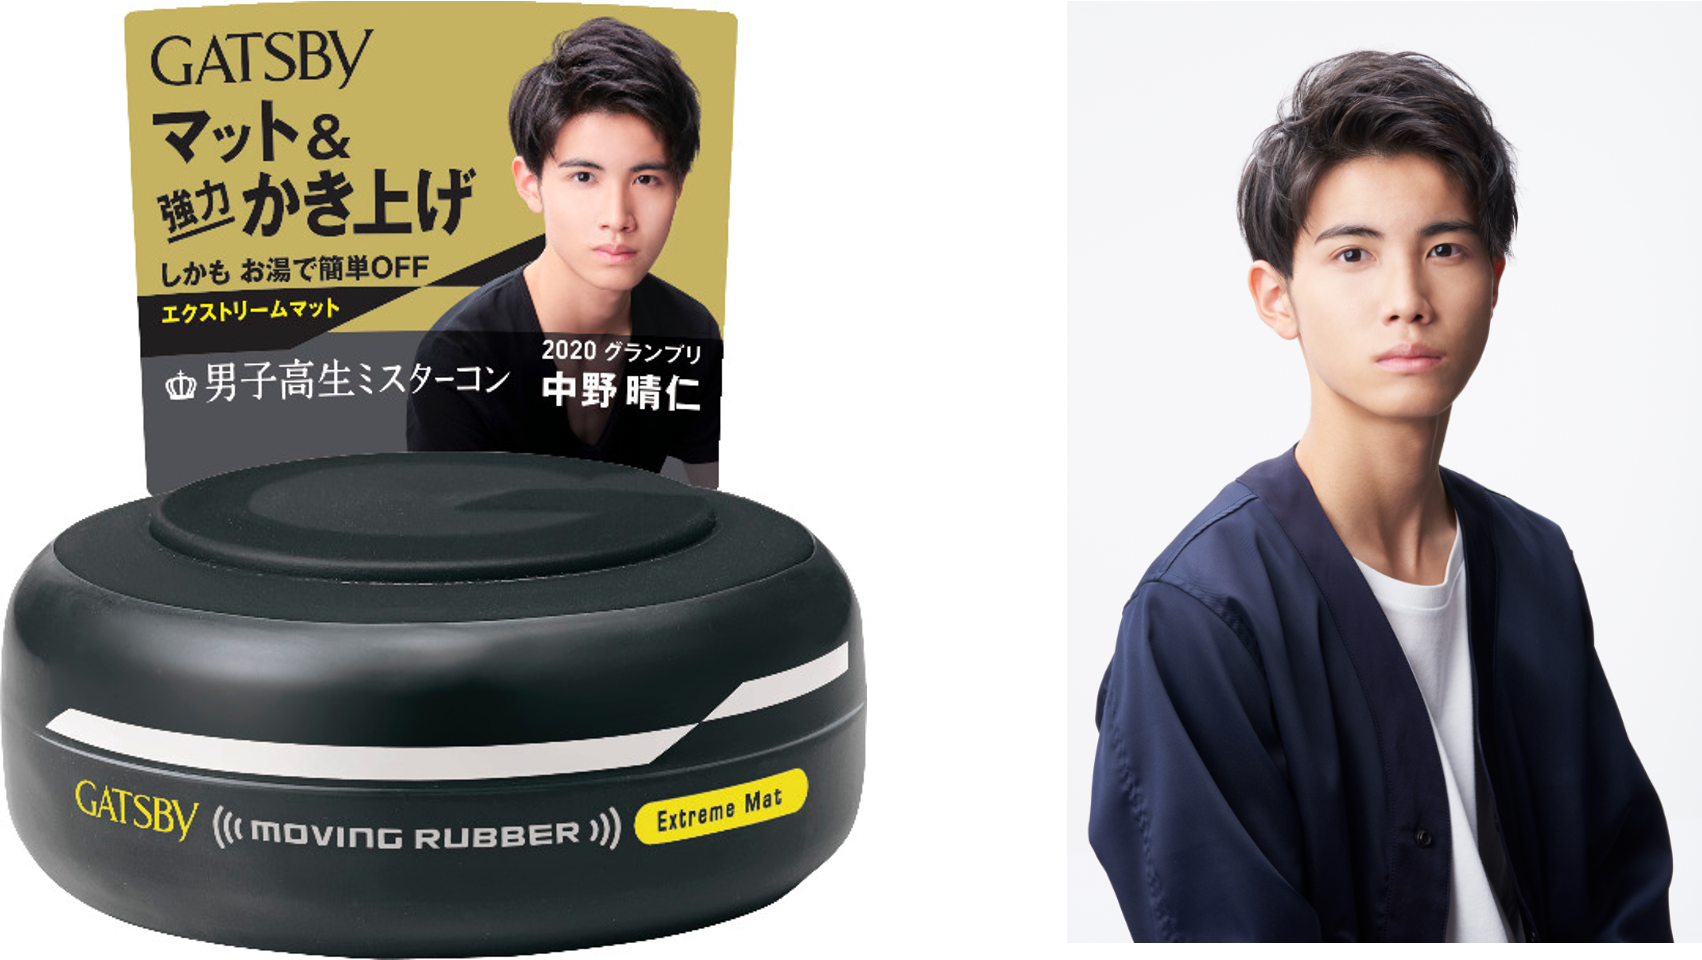 日本一のイケメン男子高生がギャツビー ムービングラバー限定ラベルに起用 株式会社エイチジェイのプレスリリース
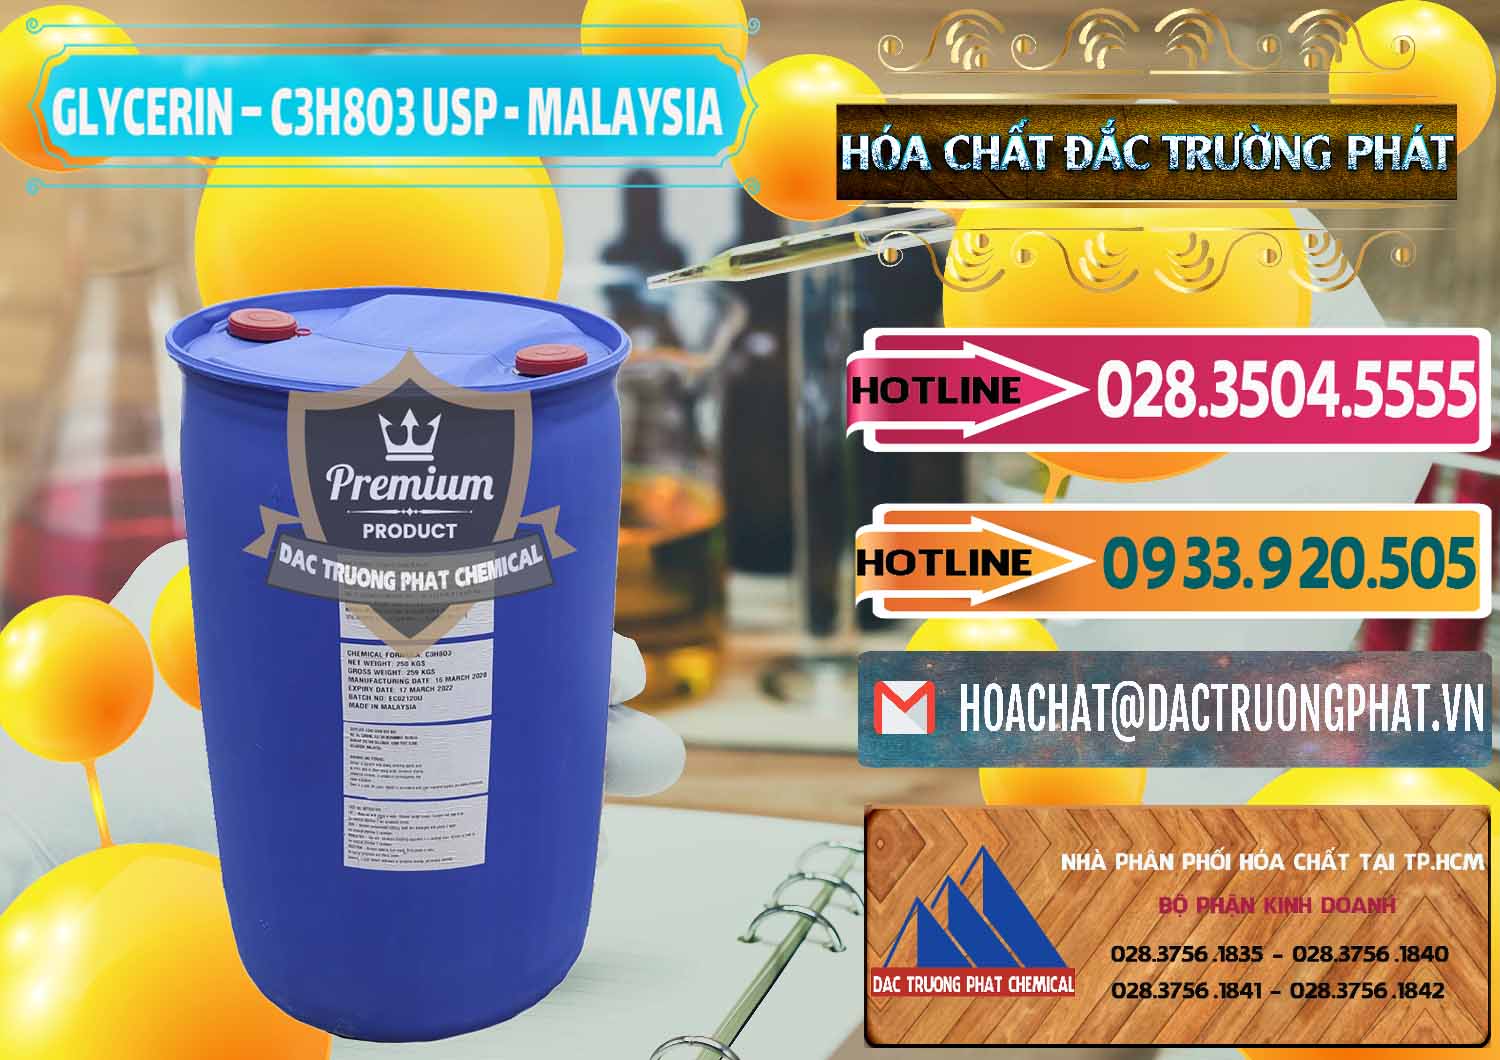 Bán & phân phối Glycerin – C3H8O3 USP Malaysia - 0233 - Cty chuyên bán ( cung cấp ) hóa chất tại TP.HCM - dactruongphat.vn
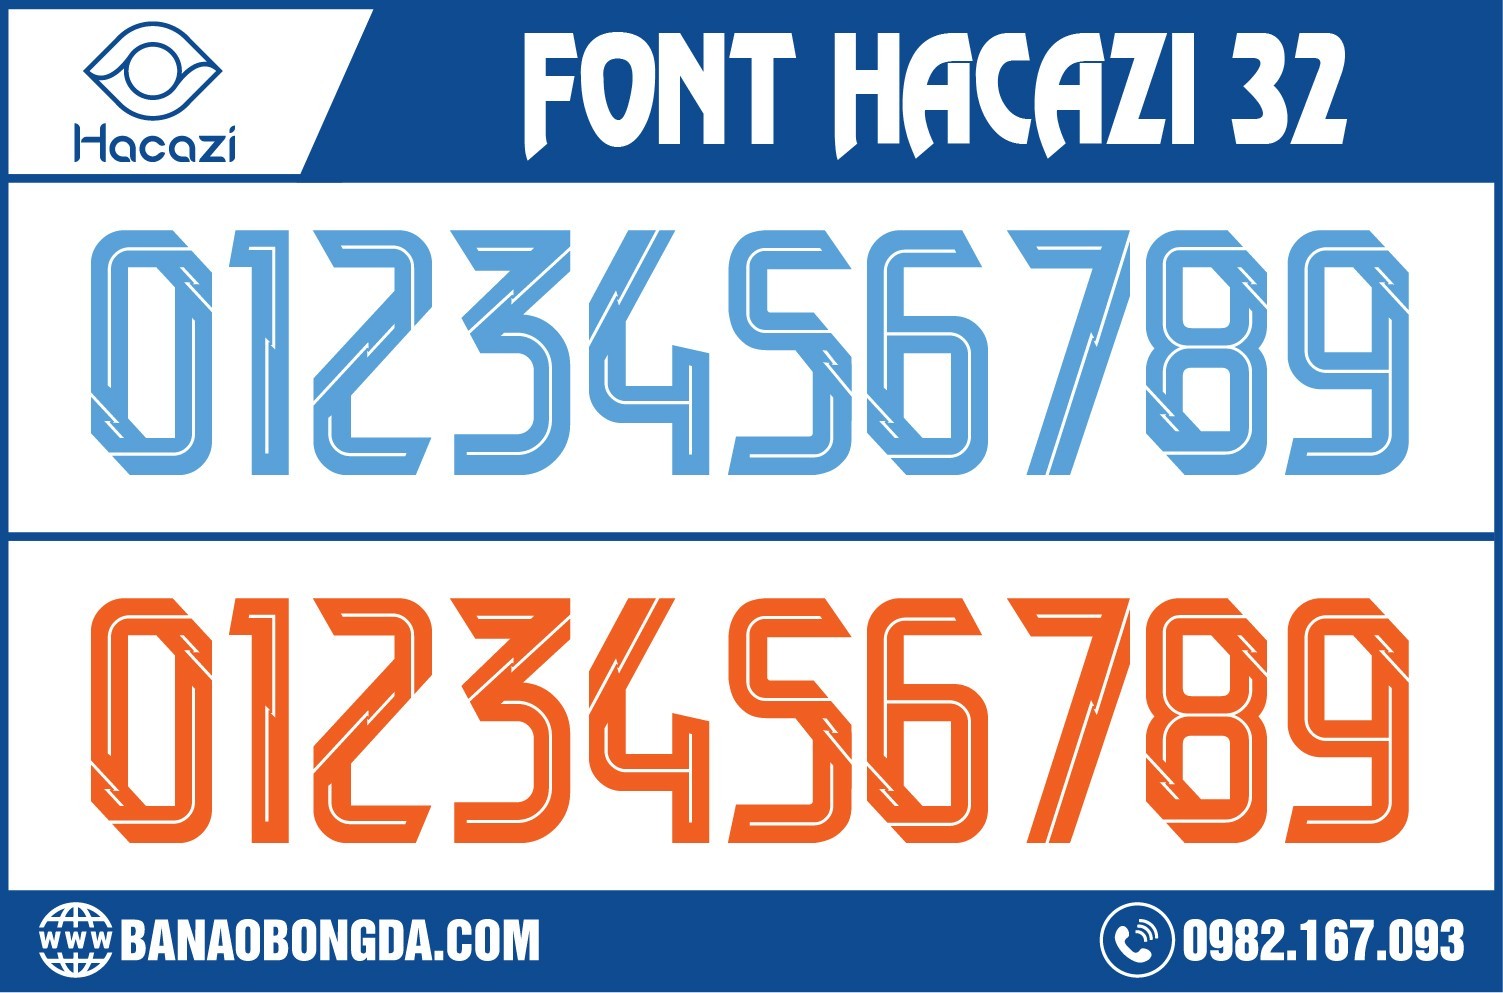 Sẽ là một mẫu font số của Shop Hacazi Sport mang tên bộ font số áo bóng đá 32 màu xanh - cam. Bởi font số này sở hữu màu sắc vô cùng nổi bật trên thiết kế đơn giản. Đây chính là sự giao thoa giữa hai gam màu nổi bật và hiện đại vô cùng khéo léo. 
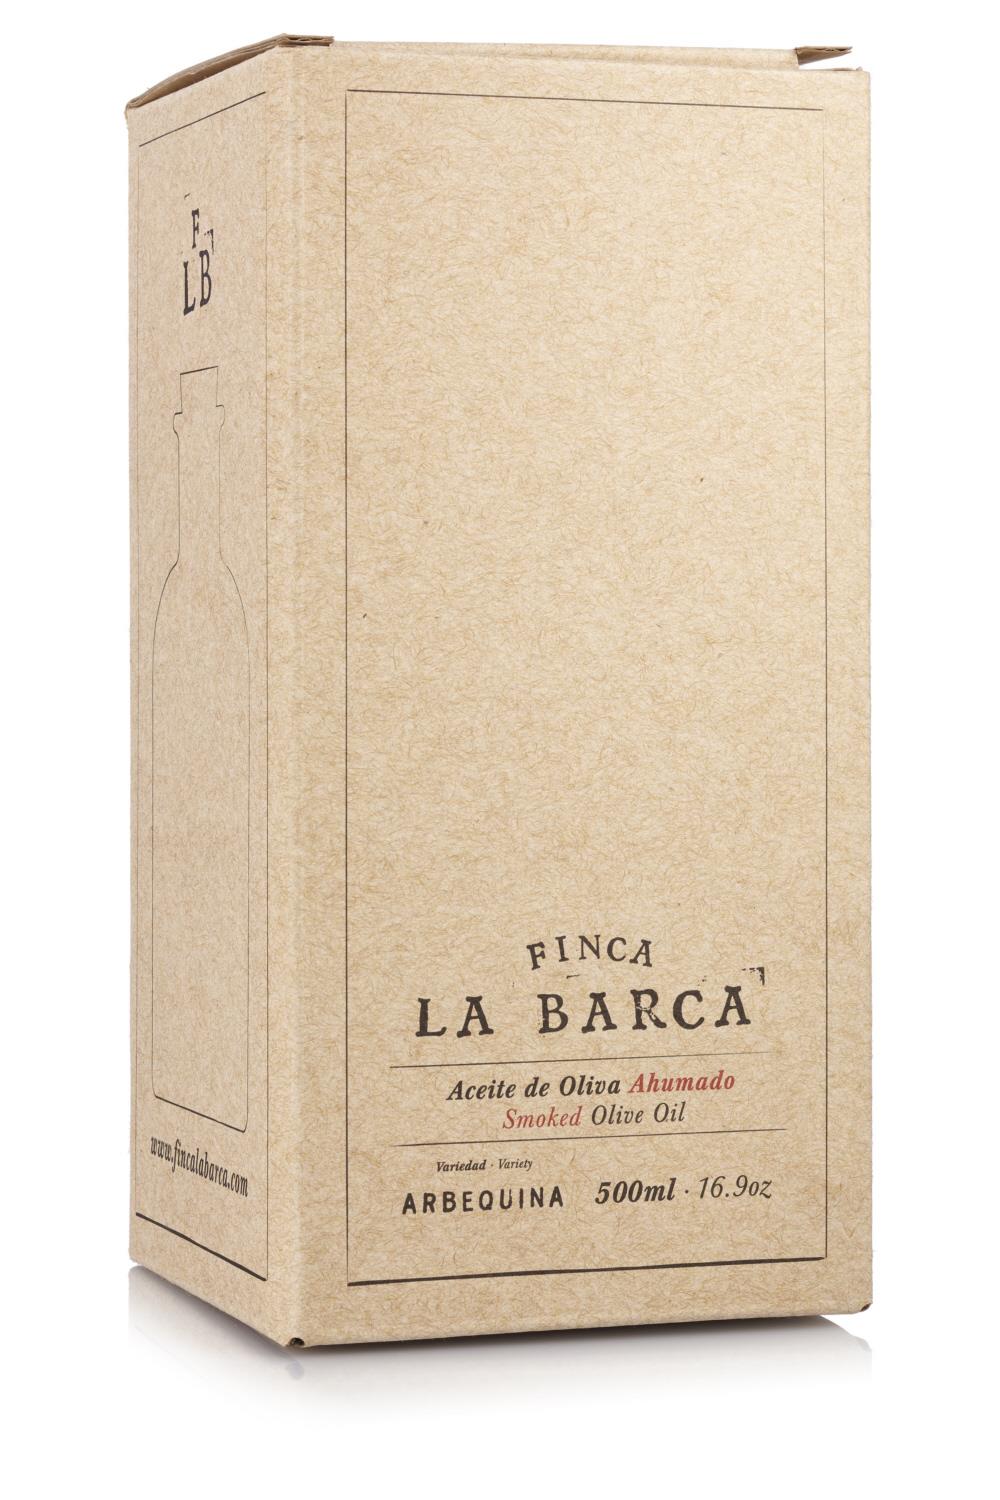 Geräuchertes Olivenöl  "Finca La Barca" 500 ml Flasche
┄┄┄┄┄┄┄┄┄┄
> _YOUR INSTRUCTIONS_
Copy the listing character for character, pictures omitted.

> _ANSWER BOX_
 日本一のイケメン男子高生がギャツビー ムービングラバー限定ラベルに起用 株式会社エイチジェイのプレスリリース
 Bán & phân phối Glycerin – C3H8O3 USP Malaysia - 0233 - Cty chuyên bán ( cung cấp ) hóa chất tại TP.HCM - dactruongphat.vn
 Sẽ là một mẫu font số của Shop Hacazi Sport mang tên bộ font số áo bóng đá 32 màu xanh - cam. Bởi font số này sở hữu màu sắc vô cùng nổi bật trên thiết kế đơn giản. Đây chính là sự giao thoa giữa hai gam màu nổi bật và hiện đại vô cùng khéo léo. 
 Geräuchertes Olivenöl  "Finca La Barca" 500 ml Flasche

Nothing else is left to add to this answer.